[Dataset excerpts]
-=-=-=-=-

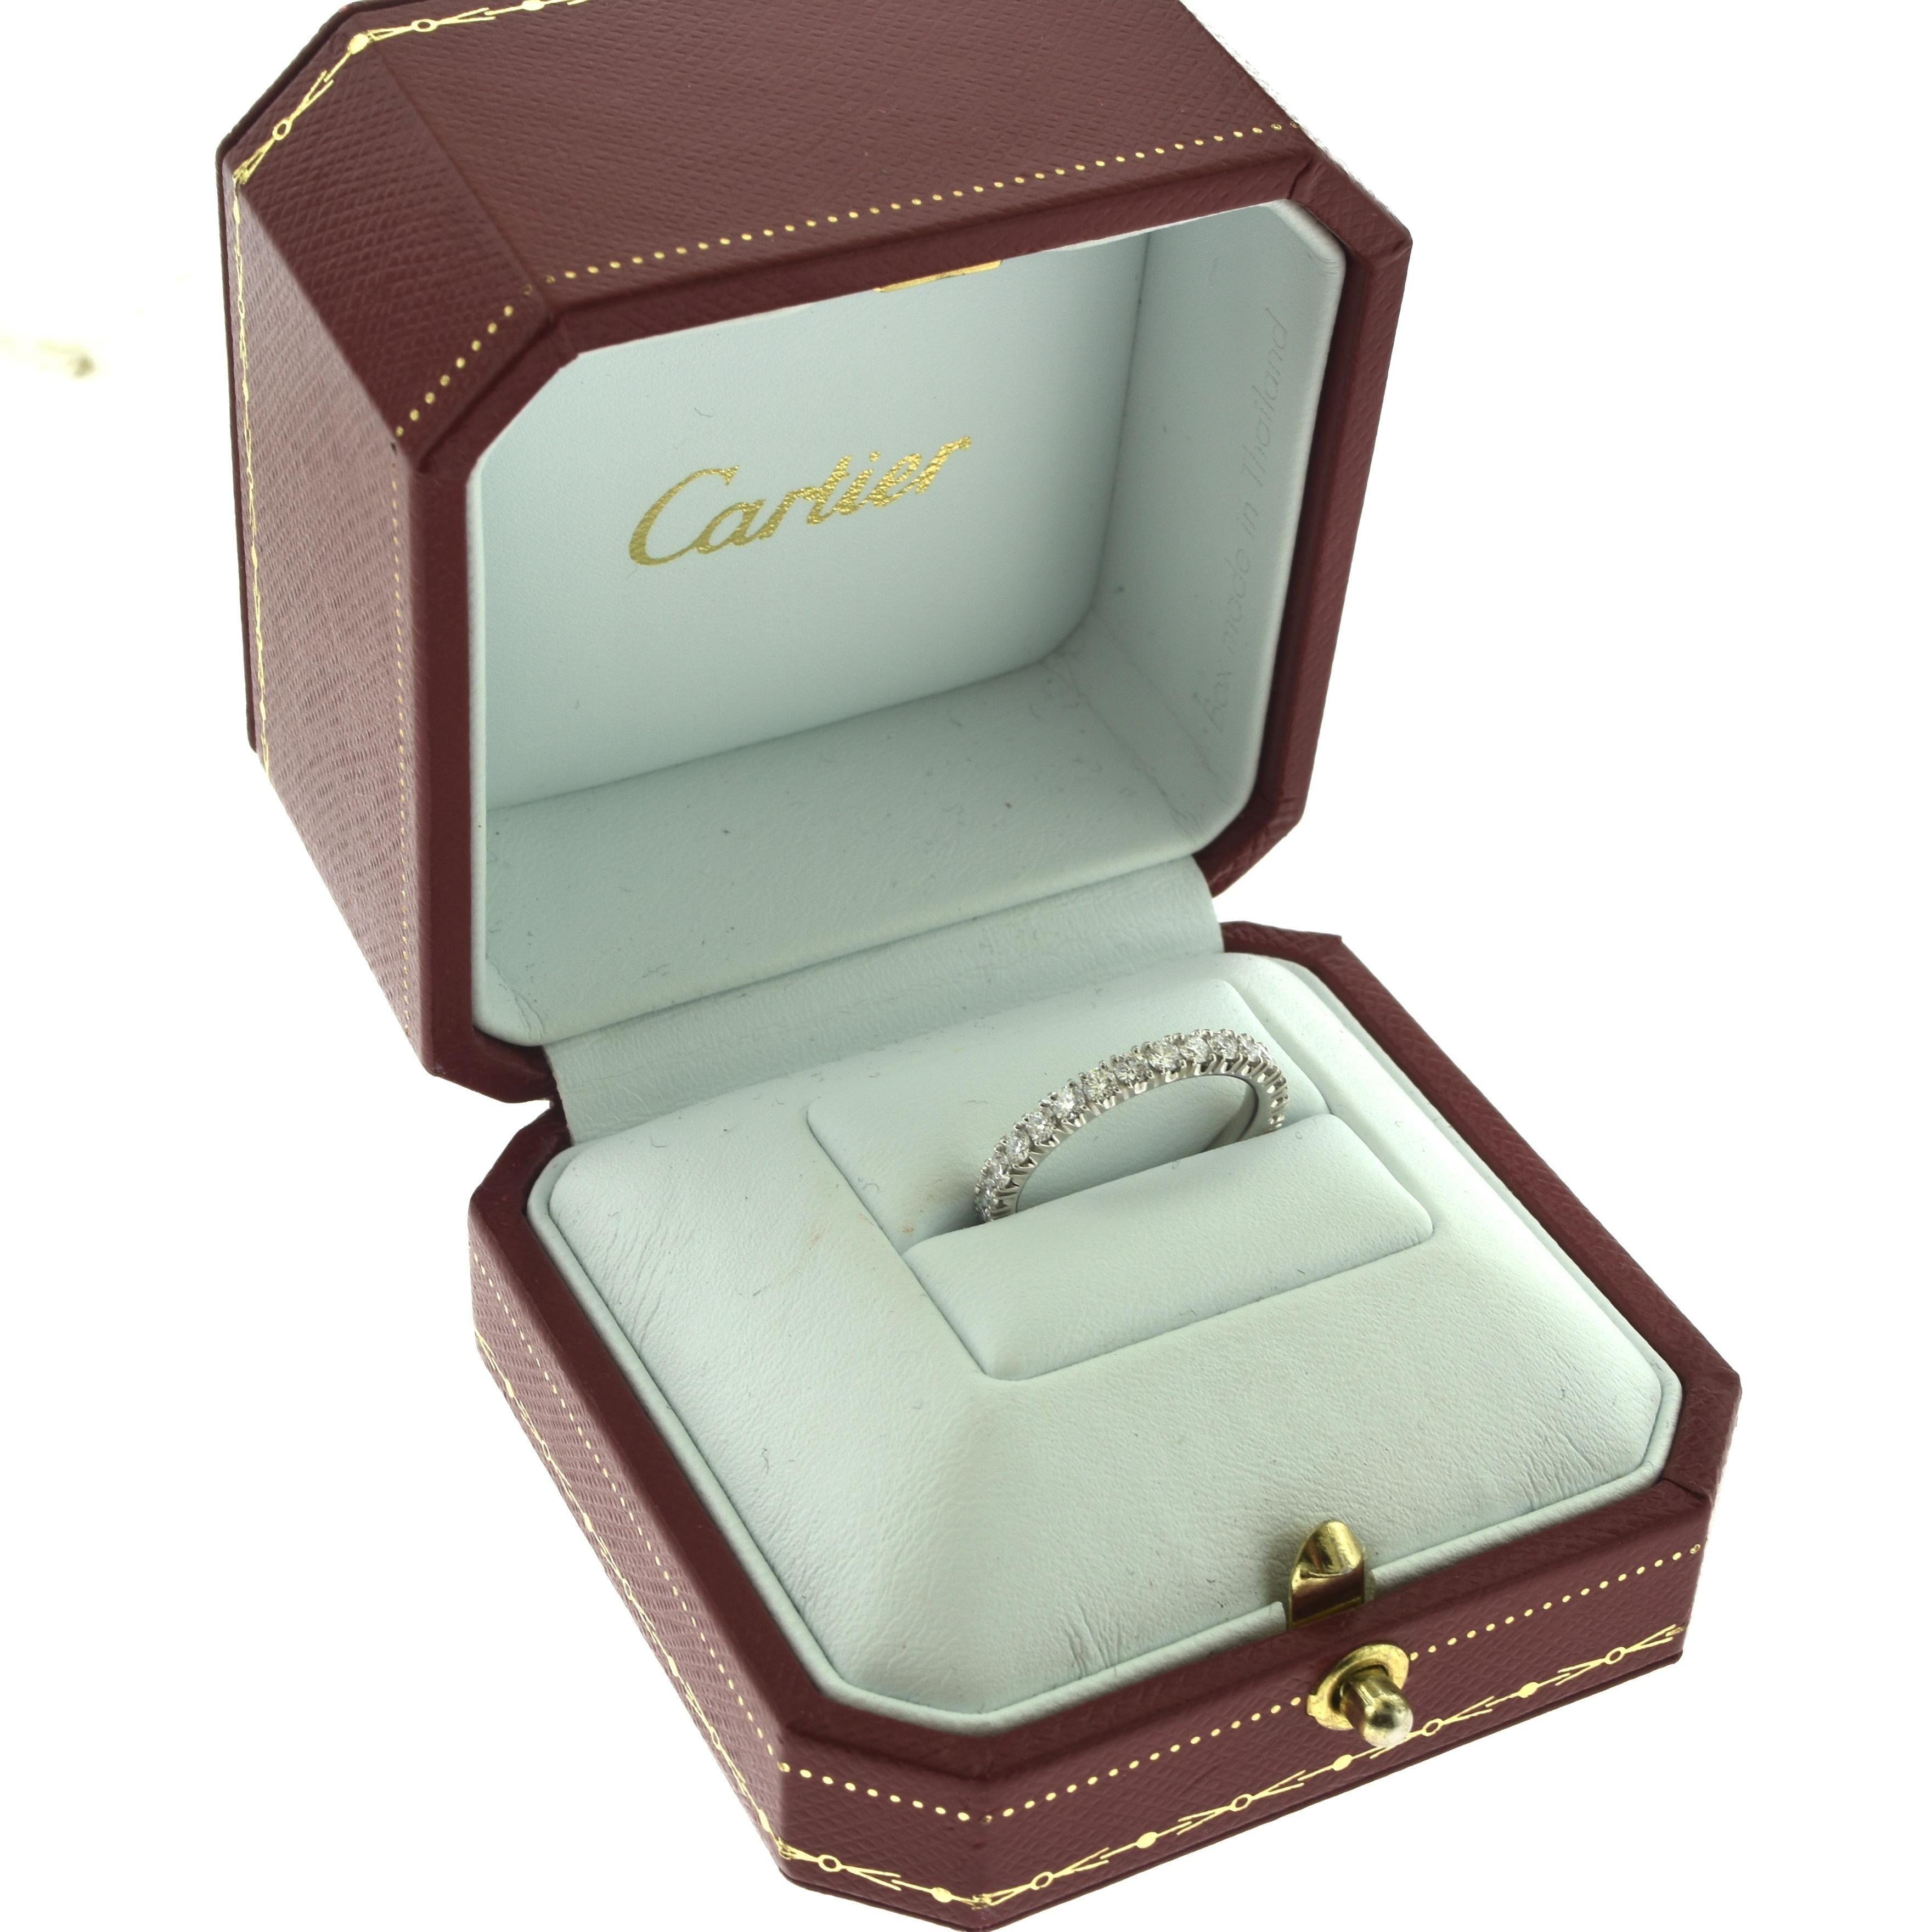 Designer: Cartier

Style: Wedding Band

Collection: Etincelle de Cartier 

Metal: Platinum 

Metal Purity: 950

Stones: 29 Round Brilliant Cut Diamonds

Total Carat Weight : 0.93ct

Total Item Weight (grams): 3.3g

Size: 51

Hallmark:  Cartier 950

-=-=-=-=-

* [Work to be completed]:
What is needed is a verbatim transcription of the records, minus the pictures.

* [Exercise response]:
 Designer: Cartier

Style: Wedding Band

Collection: Etincelle de Cartier 

Metal: Platinum 

Metal Purity: 950

Stones: 29 Round Brilliant Cut Diamonds

Total Carat Weight : 0.93ct

Total Item Weight (grams): 3.3g

Size: 51

Hallmark:  Cartier 950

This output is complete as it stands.